January 19, 2015

Some government bonds are now being quoted with negative yields. Taking an extreme example, Swiss government bonds are now being quoted with negative yields for all maturities up to 10 years. This prompts the question: Who, in their right mind, would pay a government for the ‘privilege’ of lending the government money?

The zero or negative bond yields are almost certainly related in part to the desire by large cash-holders to ensure a return of cash, even if doing so guarantees a small nominal loss. By way of further explanation, if you have $100K of cash to park somewhere you can put it in an insured bank deposit and be guaranteed of getting your money back, but what do you do if you have $1B of cash? If you put this money into a bank account then only a trivial portion will be covered by the government’s deposit insurance, meaning that the failure of the bank could result in a substantial portion of your money being wiped out. To avoid the risk of a large loss due to bank failure it might seem reasonable for you to lend the money to the government at a yield that is certain to result in a small loss. In this case, the small loss stemming from the negative yield on your bond investment is a form of insurance that guarantees the return of almost all of your money.

In other words, at a time when “inflation” risk is perceived to be low and there are concerns about the safety of commercial banks, it could make sense for a large holder of cash to lend the money to the government at a small negative yield.

That being said, it’s important to remember that we aren’t really dealing with 0% or negative bond yields, we are dealing with 0% or negative yields to maturity. The bond yields themselves are still positive.
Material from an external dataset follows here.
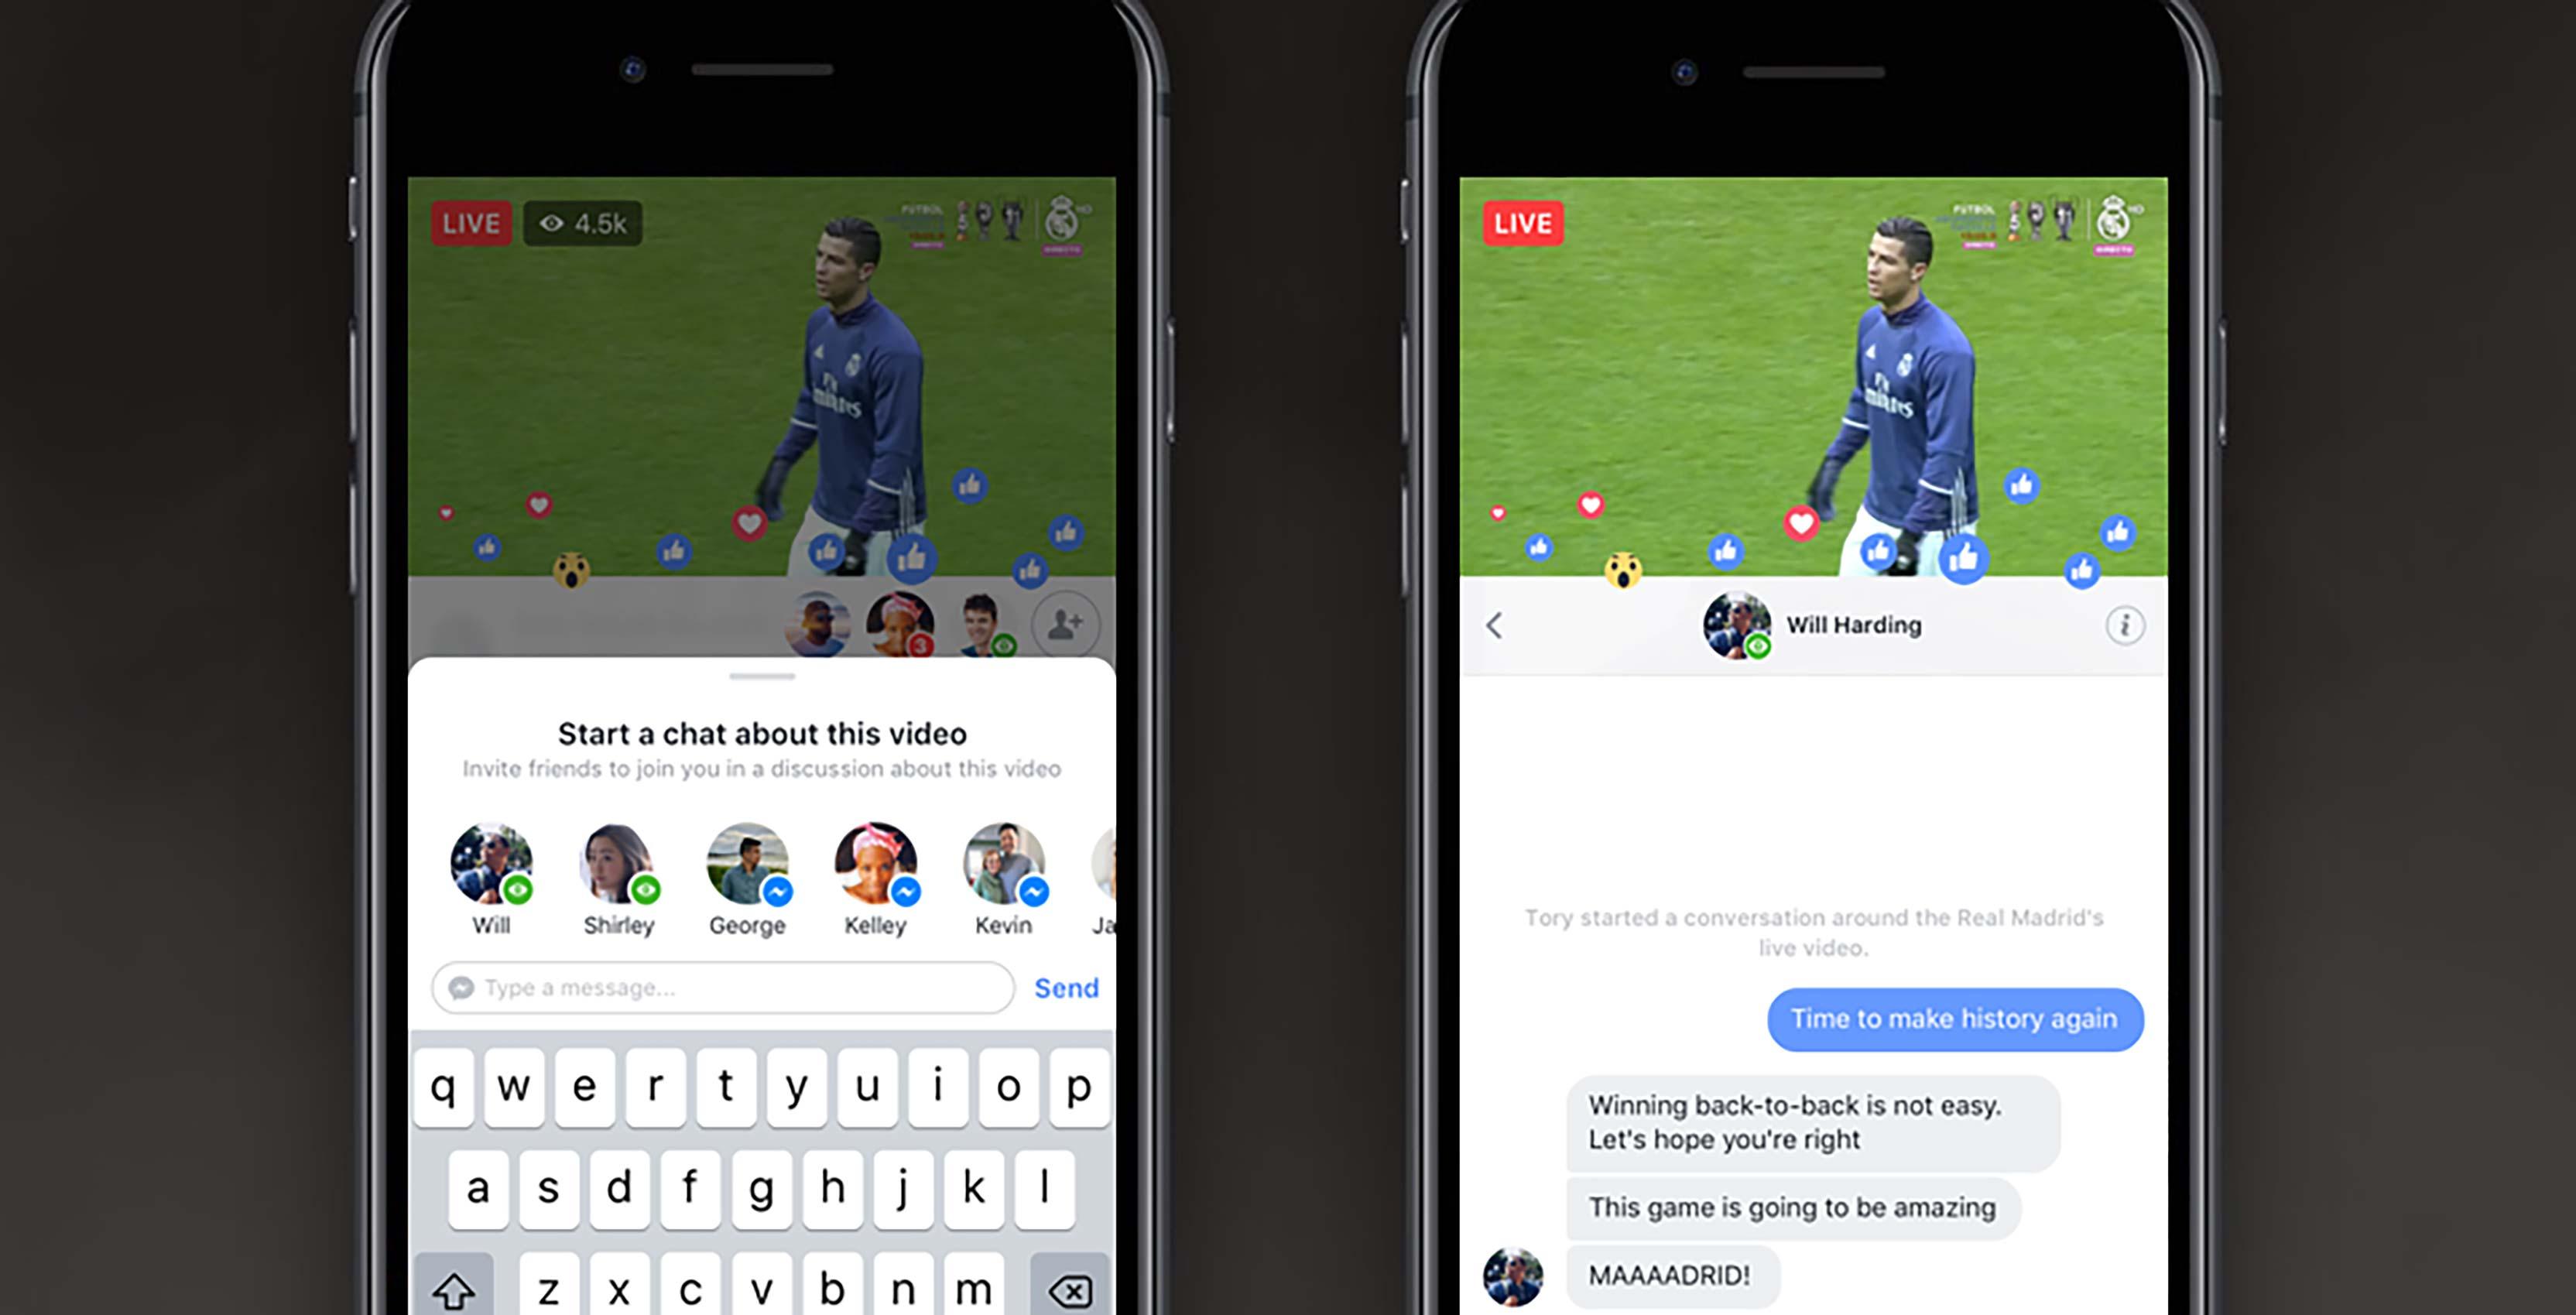 Facebook Live Video soccer
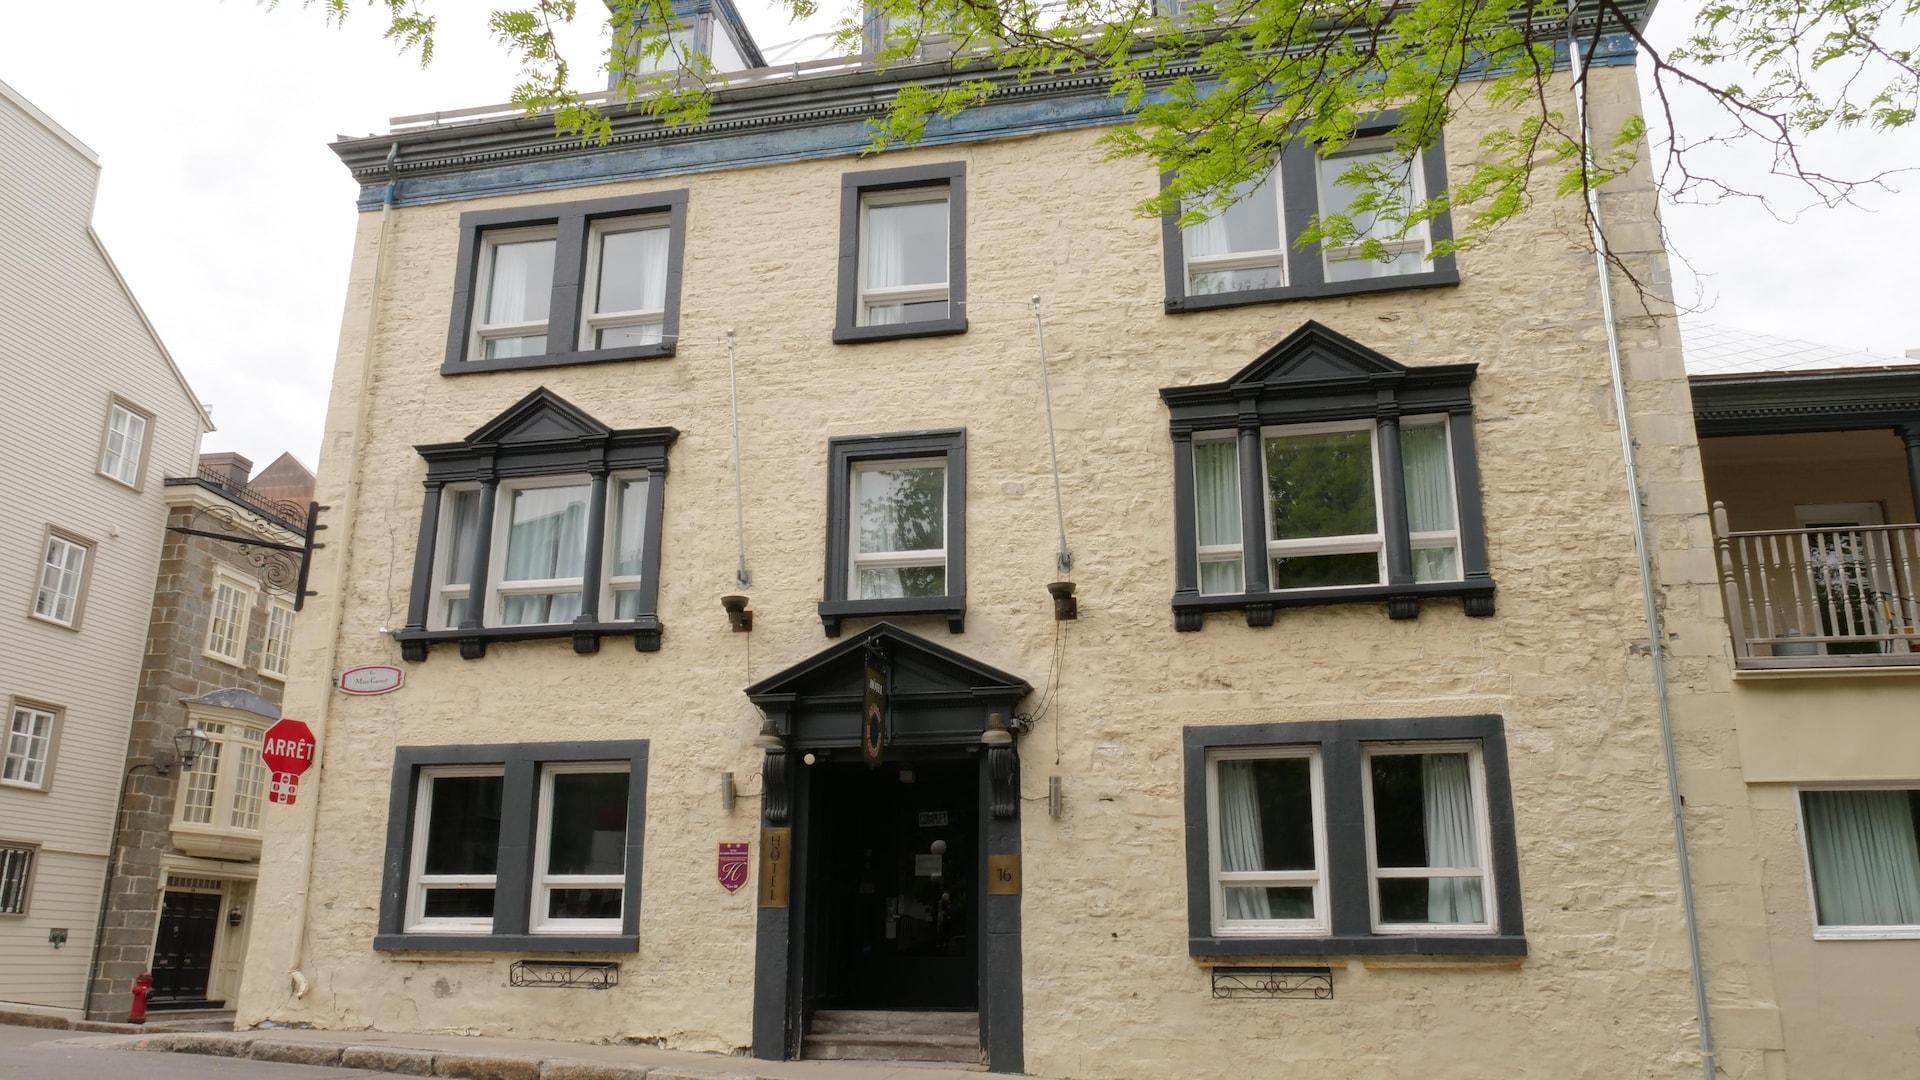 Une maison de pierre peinte couleur crème donne une jolie vue sur le parc voisin. Les larges fenêtres de l'étage et les trois lucarnes du toit lui donnent fière allure.

To further explain, consider the simple hypothetical case of a 1-year bond with par value of $100 that pays interest of $2 at the end of the 1-year duration. If the bond is trading at its par value then both the yield and the yield to maturity (YTM) will be 2%, but both yields will be something other than 2% when the bond’s price deviates from $100. For example, if the bond’s price rises to $103 then the yield falls to 1.94% ($2/$103) and the YTM falls to negative 0.97%. The YTM in this example takes into account the fact that if the bond is held until maturity then the buyer of the bond at $103 will receive a $2 interest payment plus a $100 principle payment, or a total return of $102 versus an outlay of $103. The $1 loss on the $103 investment equates to a return of negative 0.97%.

An implication is that someone who doesn’t plan to hold until maturity can still make a profit on a bond with a negative YTM. For example, someone who buys a Swiss government bond with a YTM of negative 0.1% today will have the opportunity of selling at a profit if the YTM subsequently falls to negative 0.2%. The current ridiculous valuations of some government bonds could therefore be partly explained by the belief that valuations will become even more ridiculous in the future, thus enabling today’s buyers to exit at a profit.

That is, in addition to the willingness to accept a small loss for a guarantee that almost all of the money will be returned, the “greater fool theory” could be at work in the government bond market. In this regard, a government bond having a negative YTM is not that different fromĀ an internet stock with no revenue being assigned a multi-hundred-million-dollar valuation based on “eyeballs”. It’s just another in a long line of examples of the madness of crowds, a madness that is often rooted in central bank policy.